Exercise prompt — Write out every line of the material as it stands, apart from the pictures.

**** Provided data ****

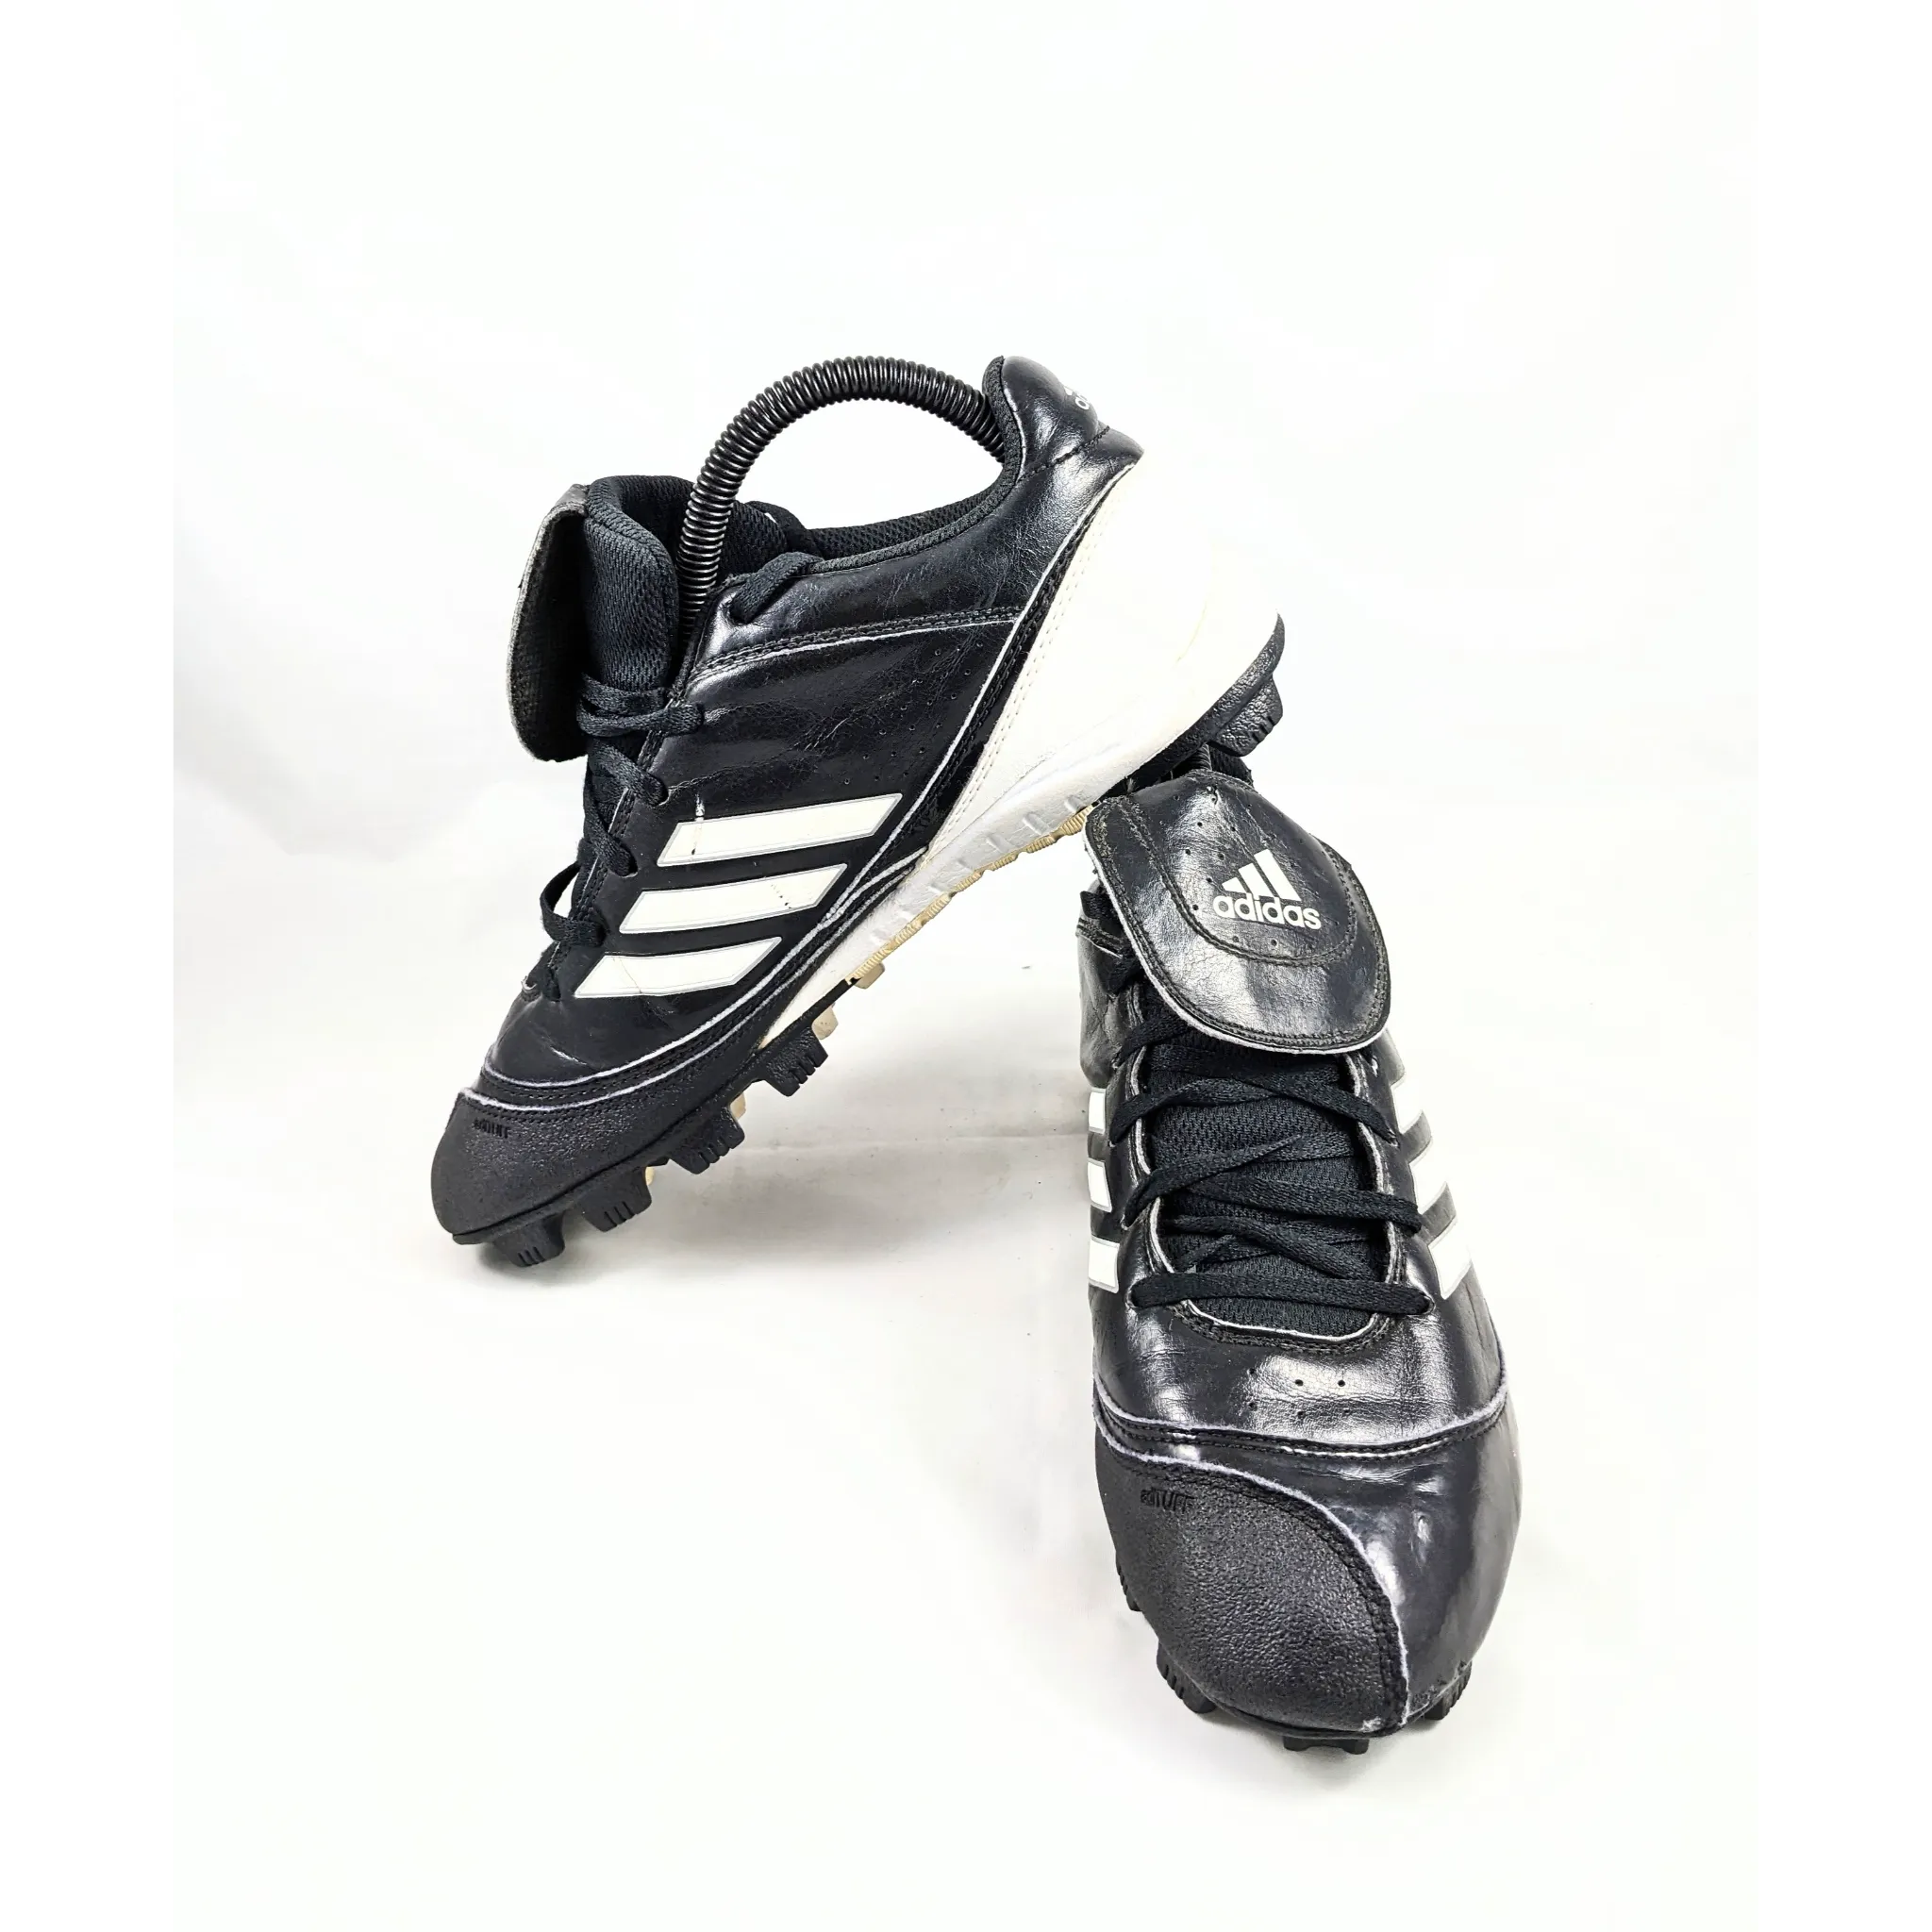 Adidas Black Preloved Sport Stud Shoes
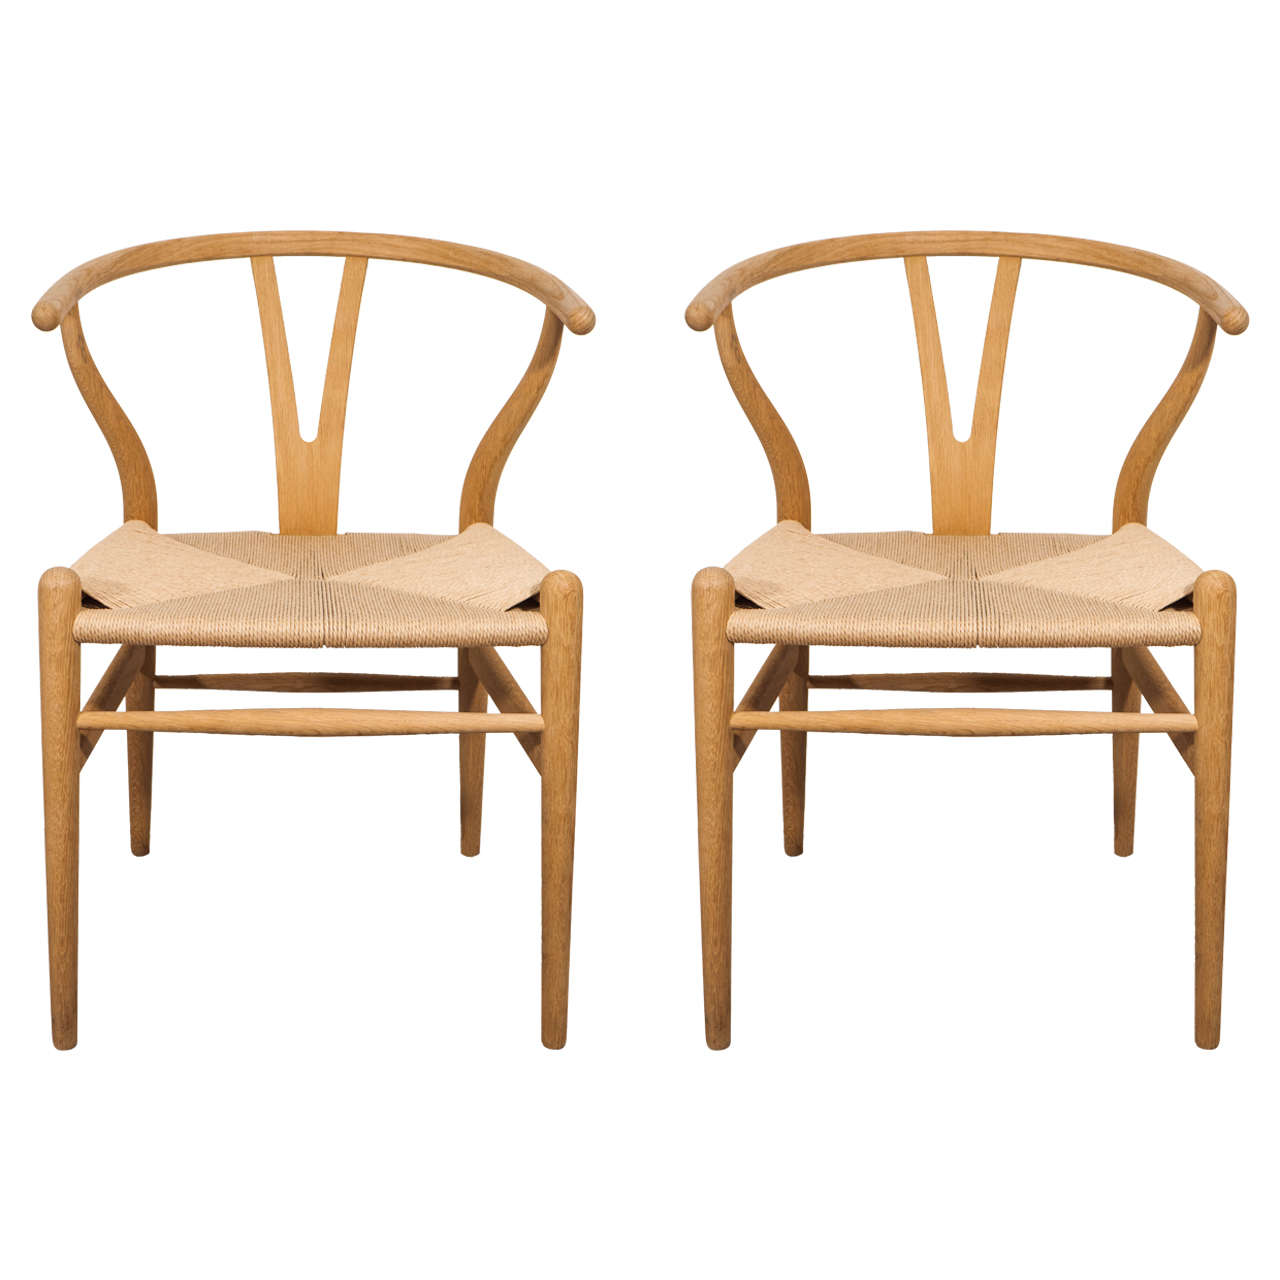 Pair of Wishbone Chairs by Hans J. Wegner for Carl Hansen
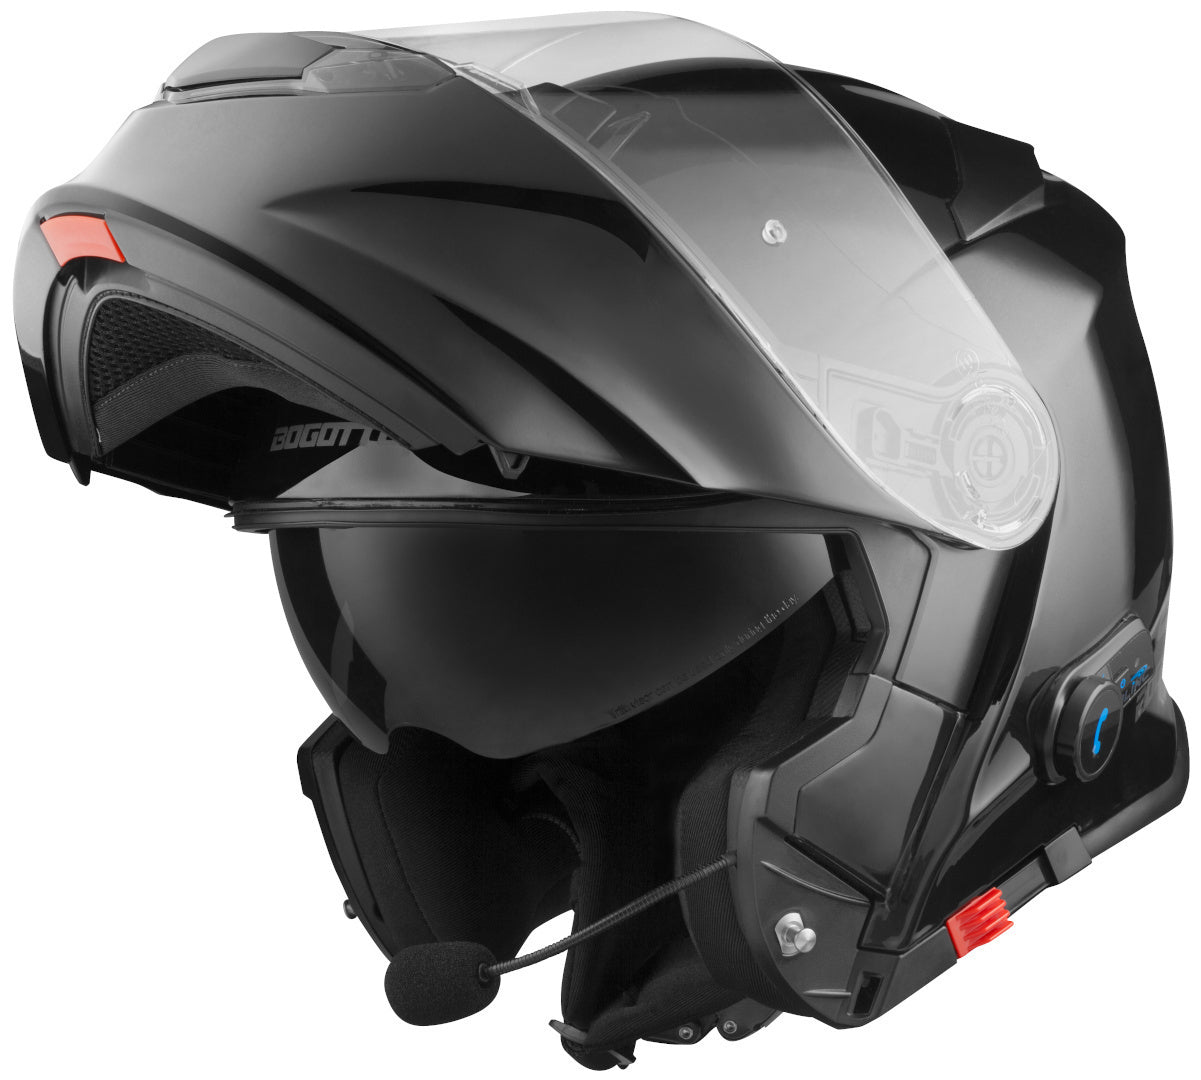 Bogotto V271 BT Bluetooth Helmet#color_black
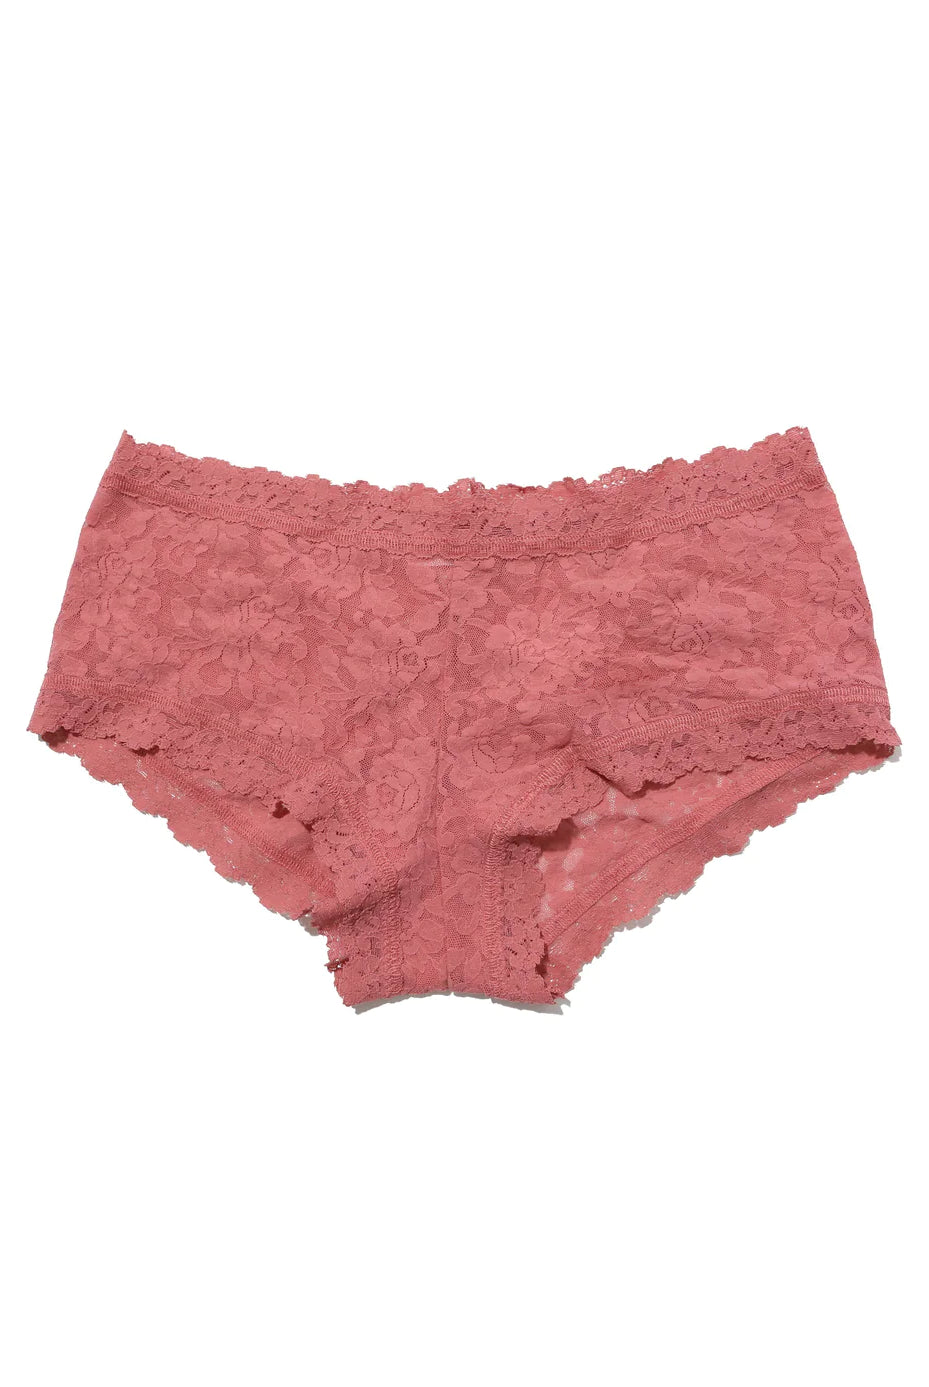 Signature Lace Boyshort - Pink Sands - Flirt! Luxe Lingerie & Sleepwear

****

Completed exercise —
 Adidas Black Preloved Sport Stud Shoes
 Pair of Wishbone Chairs by Hans J. Wegner for Carl Hansen
 Bogotto V271 BT Bluetooth Helmet#color_black
 Signature Lace Boyshort - Pink Sands - Flirt! Luxe Lingerie & Sleepwear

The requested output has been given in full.